Much of the credit for Kroc’s rise can be traced to a pair of brothers – Maurice and Richard McDonald – in San Bernardino, Calif., who operated a popular drive-in restaurant that offered tasty food at low prices. Kroc was a struggling salesman of milkshake mixers when he met the McDonald brothers, later convincing them to franchise their restaurant throughout the country, banking on a system of uniformity and value. When Kroc’s relationship with the brothers eventually soured, he opted to buy their business, including the company name and its golden arches logo, for $2.7 million in 1961.

Now headquartered in Chicago, McDonald’s has more than 40,000 outlets worldwide with annual sales topping $25 billion. It is the second largest private employer with more than 1.7 million employees, some 600,000 behind Walmart. In the mid-1990s, one company estimate boasted that one out of every eight Americans had worked for McDonald’s at some point in their lives.

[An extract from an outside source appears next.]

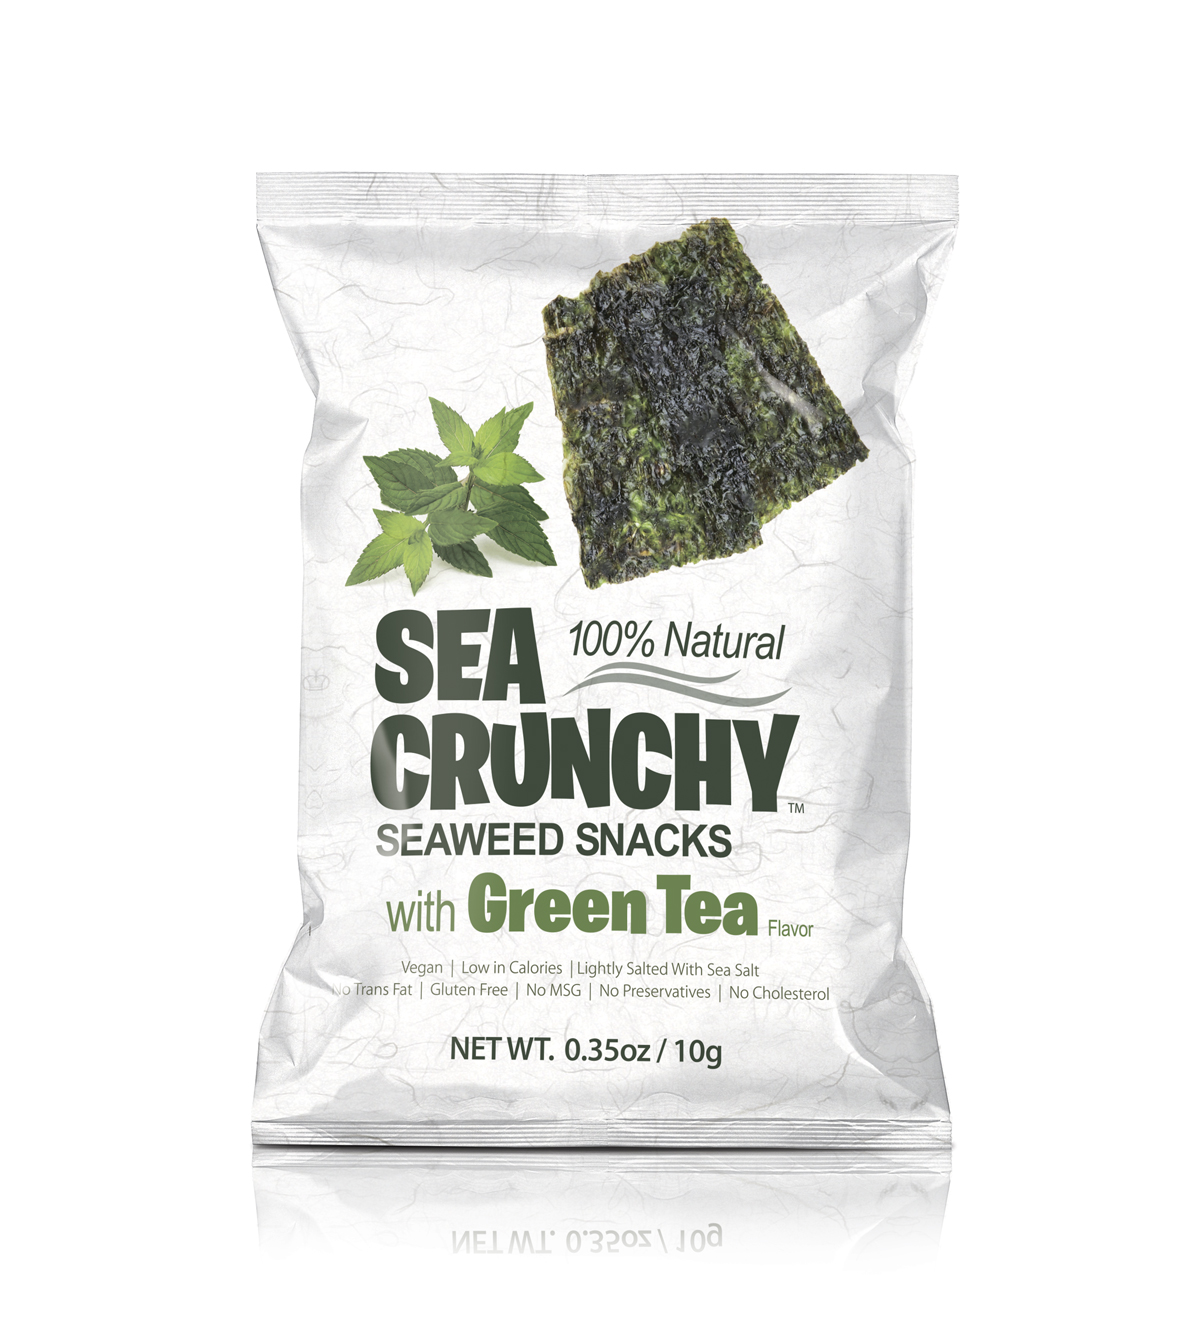 SEA CRUNCHY Seaweed Snacks with green tea image.

2025 January 14 - Weekly Historical Quote - Ray Kroc - headshot
Ray Kroc*

Kroc, who died January 14, 1984 at the age of 81, was a revered figure in the food industry, utilizing many of the assembly-line procedures pioneered by Henry Ford, the founder of Ford Motor Co. He was an unabashed stickler for details, insisting on quality and consistency so that customers could expect the same experience at McDonald's restaurants around the world. His three-word slogan for McDonald’s was “Quality, Service, Cleanliness,” the so-called three-legged stool that became his motto.

“If you work just for money, you'll never make it, but if you love what you're doing and you always put the customer first, success will be yours,” said Kroc, who owned the San Diego Padres baseball team for 10 years before his death in 1984.

Kroc was a noted philanthropist, starting the Kroc Foundation in 1965 to support medical research of chronic diseases, including diabetes, multiple sclerosis, and arthritis. He suffered from diabetes and arthritis, while his only daughter died from diabetes. He also inspired the creation of the Ronald McDonald House, the home away from home for families of children undergoing in-patient medical treatment. There are now nearly 400 such homes around the world. 

His wife, Joan Kroc, continued the family’s philanthropic ways, making bequests of $1.5 billion to The Salvation Army and $200 million to National Public Radio upon her death in 2003.

Her husband, of course, was the source that fueled her generosity. He also left these word treasures:

  • “To be successful, you must be daring, be first, and be different.”
  • “None of us is as good as all of us.”
  • “Luck is a dividend of sweat. The more you sweat, the luckier you get.”
  • “You’re only as good as the people you hire.”
  • “The definition of salesmanship is the gentle art of letting the customer have it your way.”